_Task objective_
Exclude every picture. Output verbatim the lines from the one containing "Novaland's representative gave" to the end of the data.
━━━ Supplied material ━━━
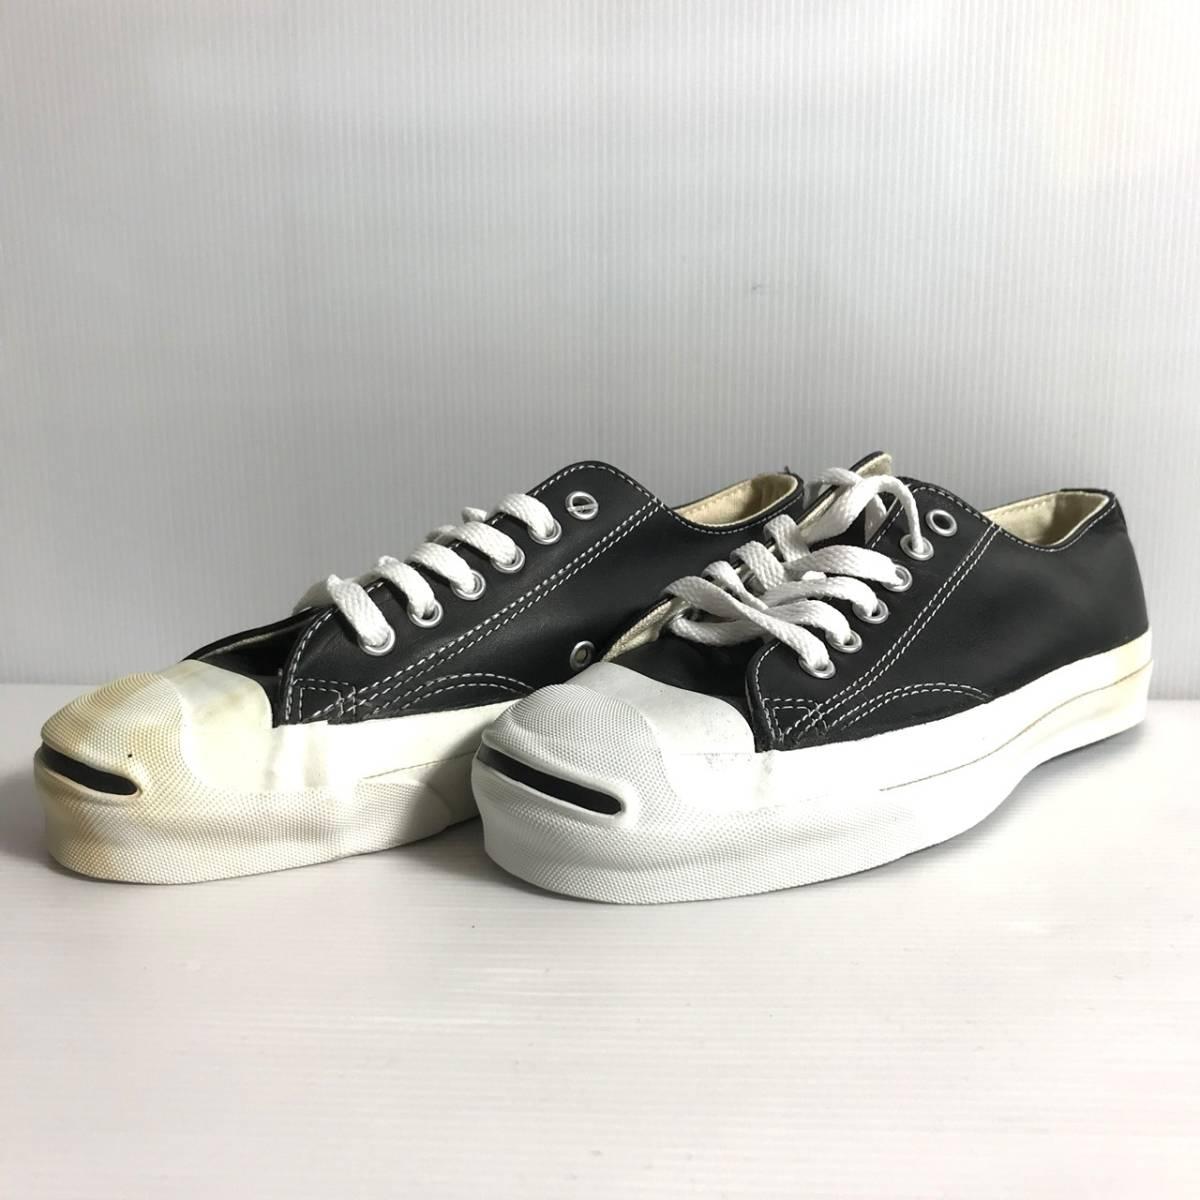 e8113c8588fb dead stock  90 S USA made  CONVERSE JACK PURCELL Converse leather Jack  purcell black 23cm
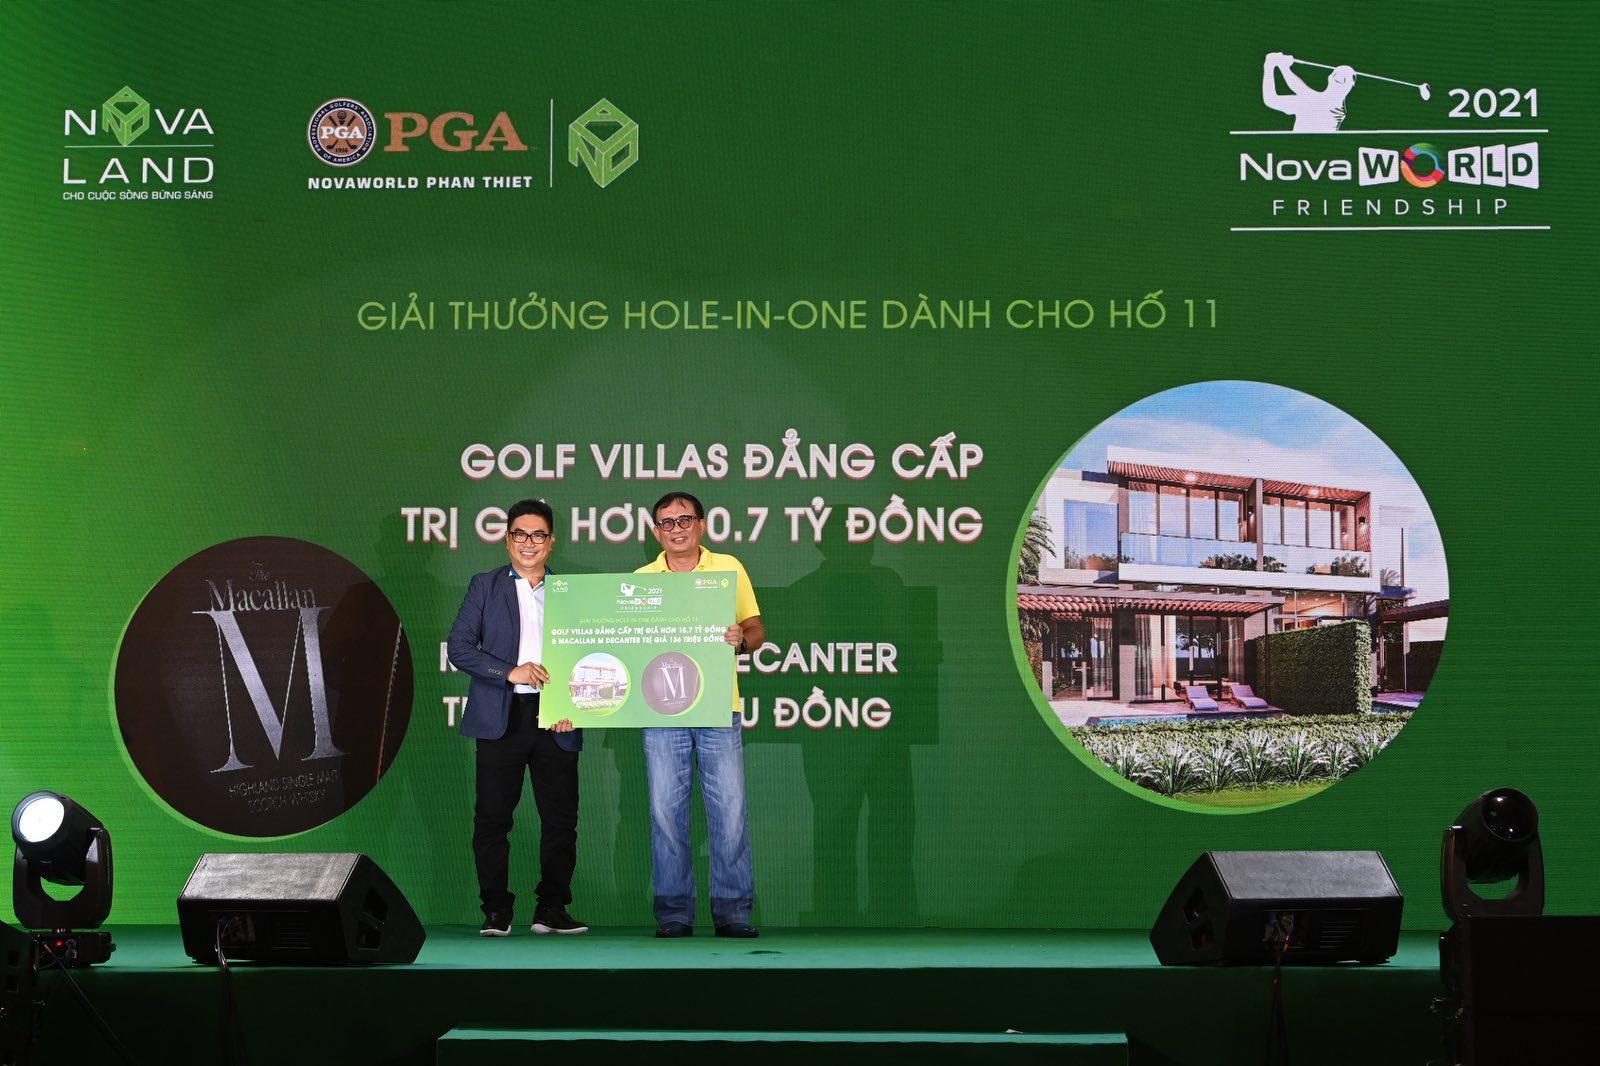 Novaland's representative gave the prize to the winner.
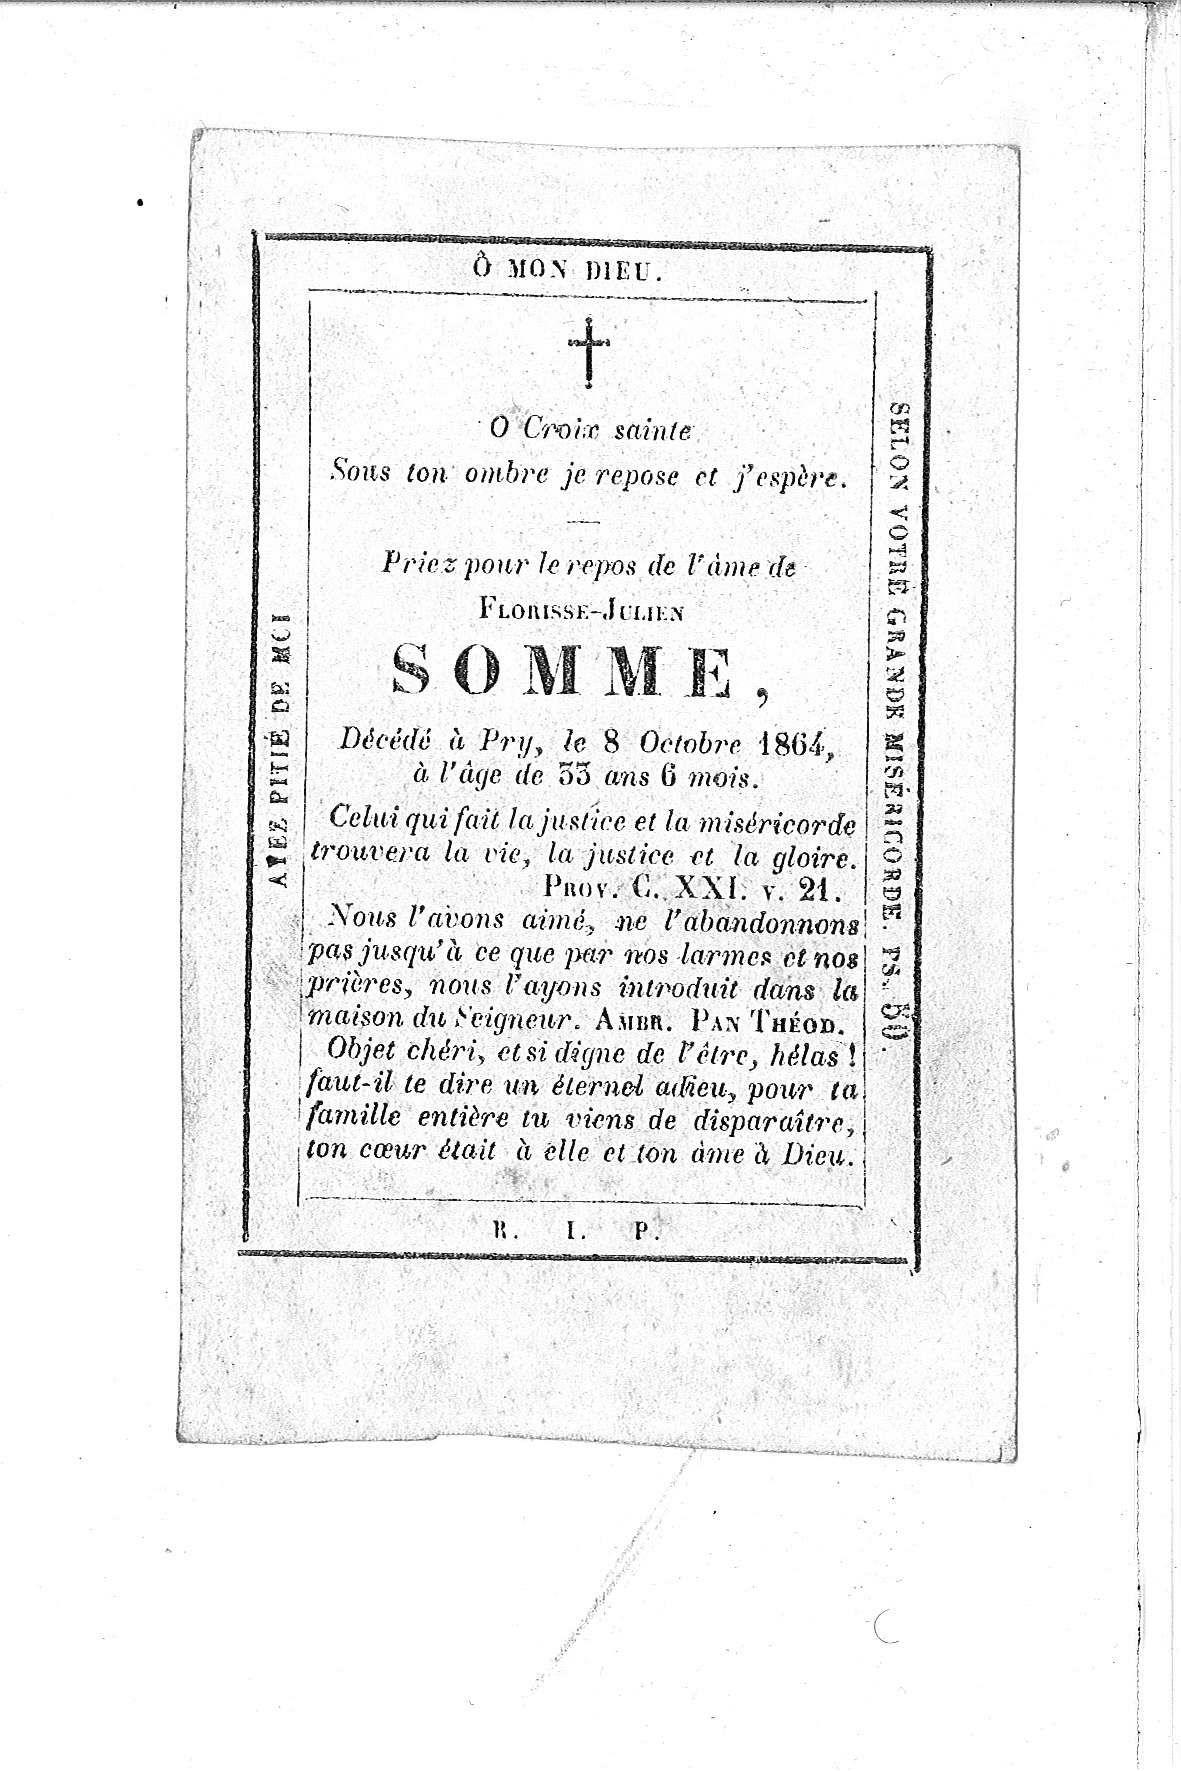 Florisse-Julien(1864)20100618155043_00034.jpg
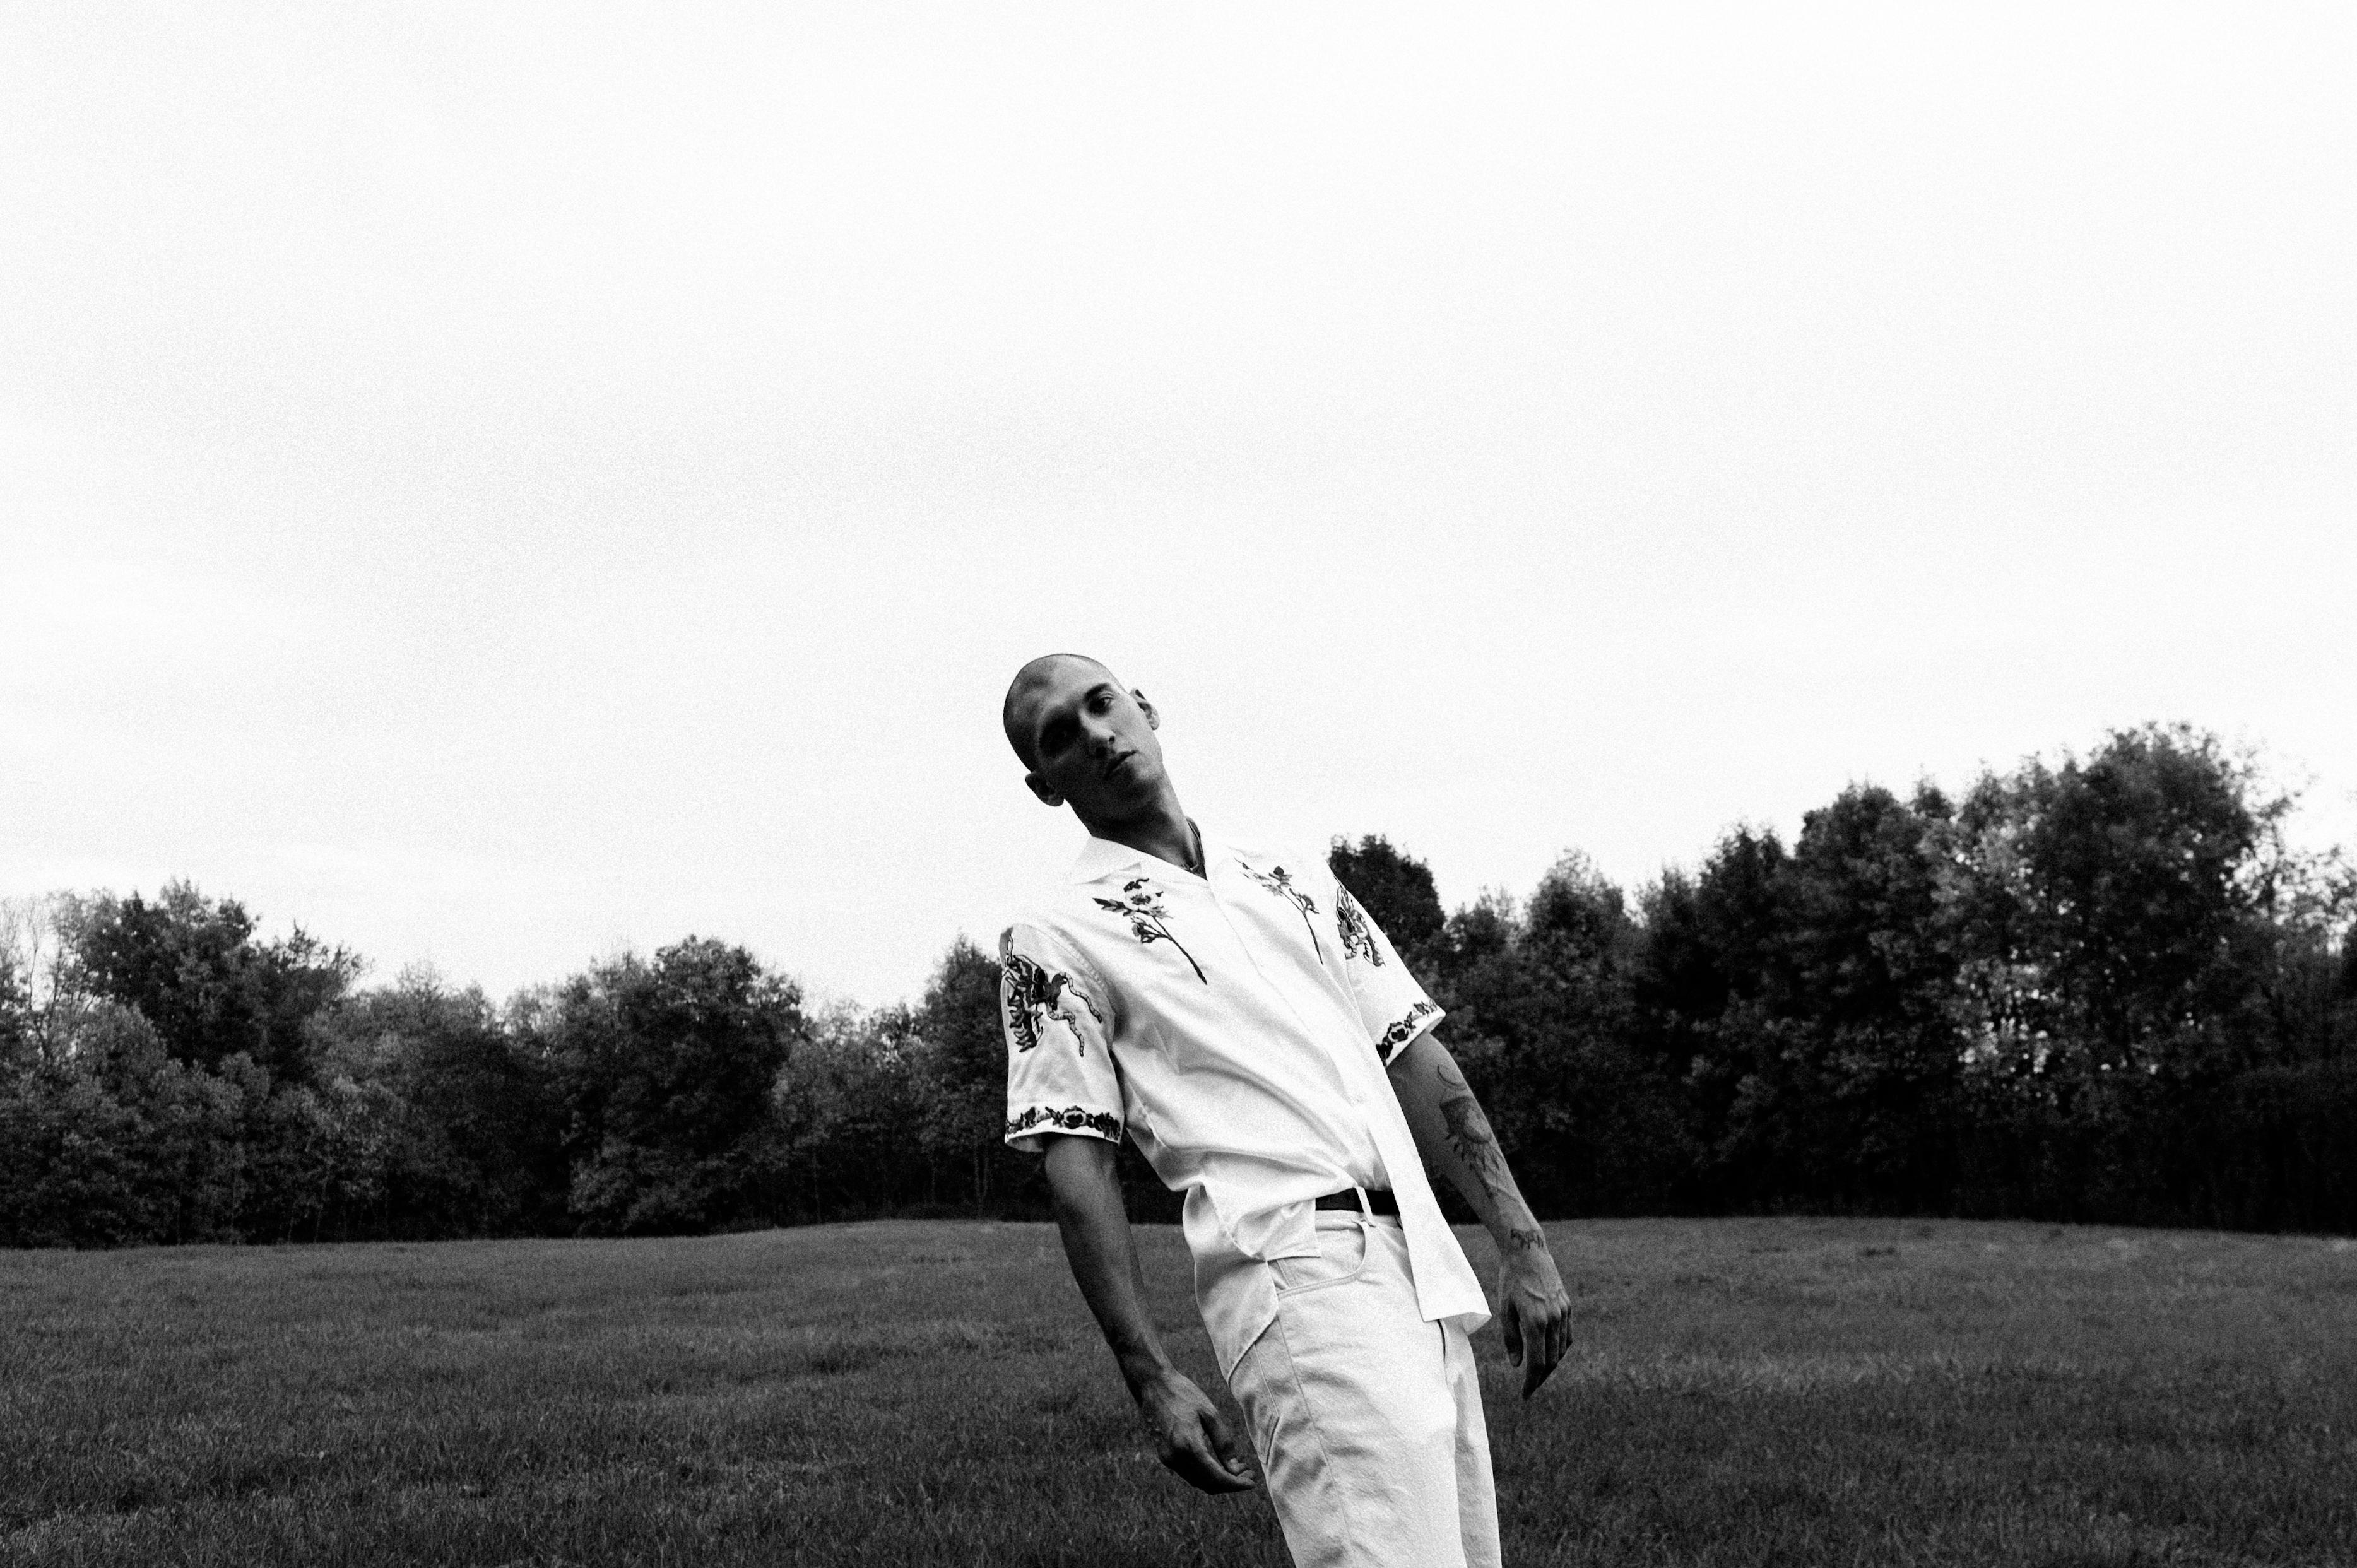 Rymz s'ouvre sur son prochain album, qui sortira le 17
━━━
_Response area_
 Novaland's representative gave the prize to the winner.
 Florisse-Julien(1864)20100618155043_00034.jpg
 Rymz s'ouvre sur son prochain album, qui sortira le 17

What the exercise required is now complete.